Siepel has worked on various problems at the intersection of computer science, statistics, evolutionary biology, and genomics. At Los Alamos National Laboratory, he developed phylogenetic methods for detecting recombinant strains of HIV, and at the National Center for Genome Resources, he led the development of ISYS, a technology for integrating heterogeneous bioinformatics databases, analysis tools, and visualization programs. Siepel also did theoretical work on algorithms for phylogeny reconstruction based on genome rearrangements, working with Bernard Moret at the University of New Mexico. When Siepel left software development to join David Haussler's laboratory at the University of California, Santa Cruz, he turned to computational problems in comparative genomics. In Haussler's group, he developed several analysis methods based on phylogenetic hidden Markov models, including a widely used program called phastCons for identifying evolutionarily conserved sequences in genomic sequences.

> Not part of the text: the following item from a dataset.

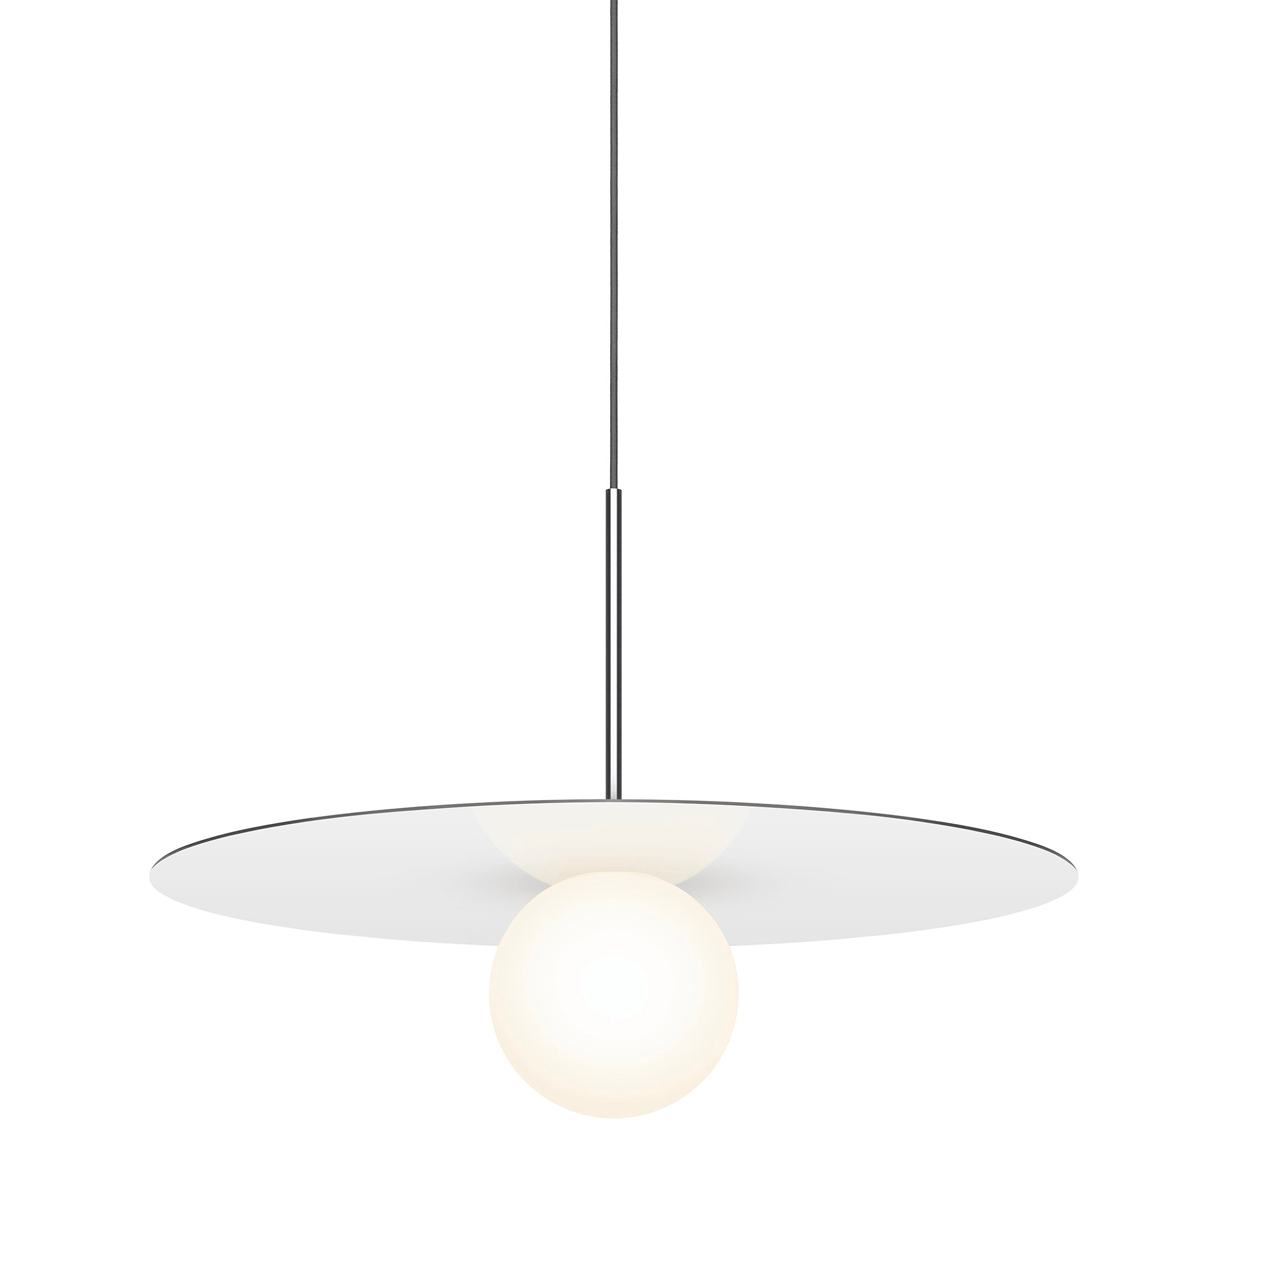 Pablo Designs Bola Disc, lampe suspendue LED avec un globe en verre et un abat-jour en forme de disque, en aluminium, blanc, 22ʼʼ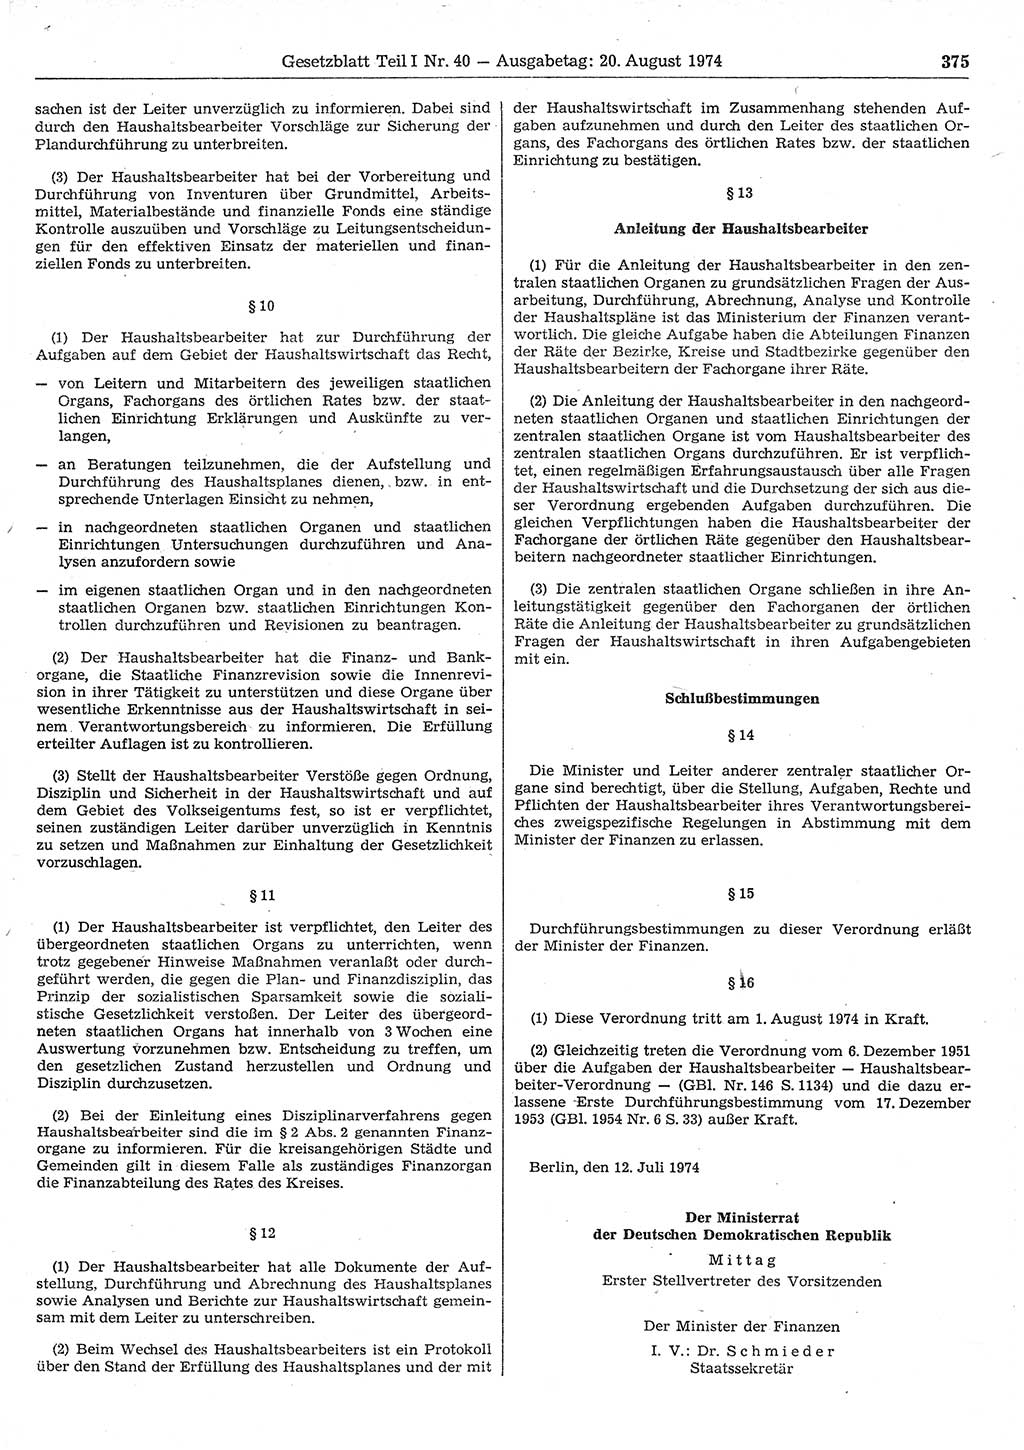 Gesetzblatt (GBl.) der Deutschen Demokratischen Republik (DDR) Teil Ⅰ 1974, Seite 375 (GBl. DDR Ⅰ 1974, S. 375)

At Cornell, Siepel's research group continued to work on the identification and characterization of conserved non-coding sequences. They also studied fast-evolving sequences in both coding and noncoding regions, including human accelerated regions. In recent years, the Siepel laboratory has increasingly focused on human population genetics, developing methods for estimating the times in early human history when major population groups first diverged, for measuring the influence of natural selection on transcription factor binding sites, and for estimating probabilities that mutations across the human genome will have fitness consequences. The group also has an active research program in transcriptional regulation, carried out in close collaboration with John T. Lis's laboratory.

A common theme in Siepel's research is the development of precise mathematical models for the complex processes by which genomes evolve over time. His research group uses these models, together with techniques from computer science and statistics, both to peer into the past, and to address questions of practical importance for human health.

==Awards and honours==
Siepel was a recipient of a Guggenheim Fellowship in 2012. He was also awarded a David and Lucile Packard Fellowship for Science and Engineering in 2007, a Microsoft Research Faculty Fellowship in 2007, and a Sloan Research Fellowship in 2009.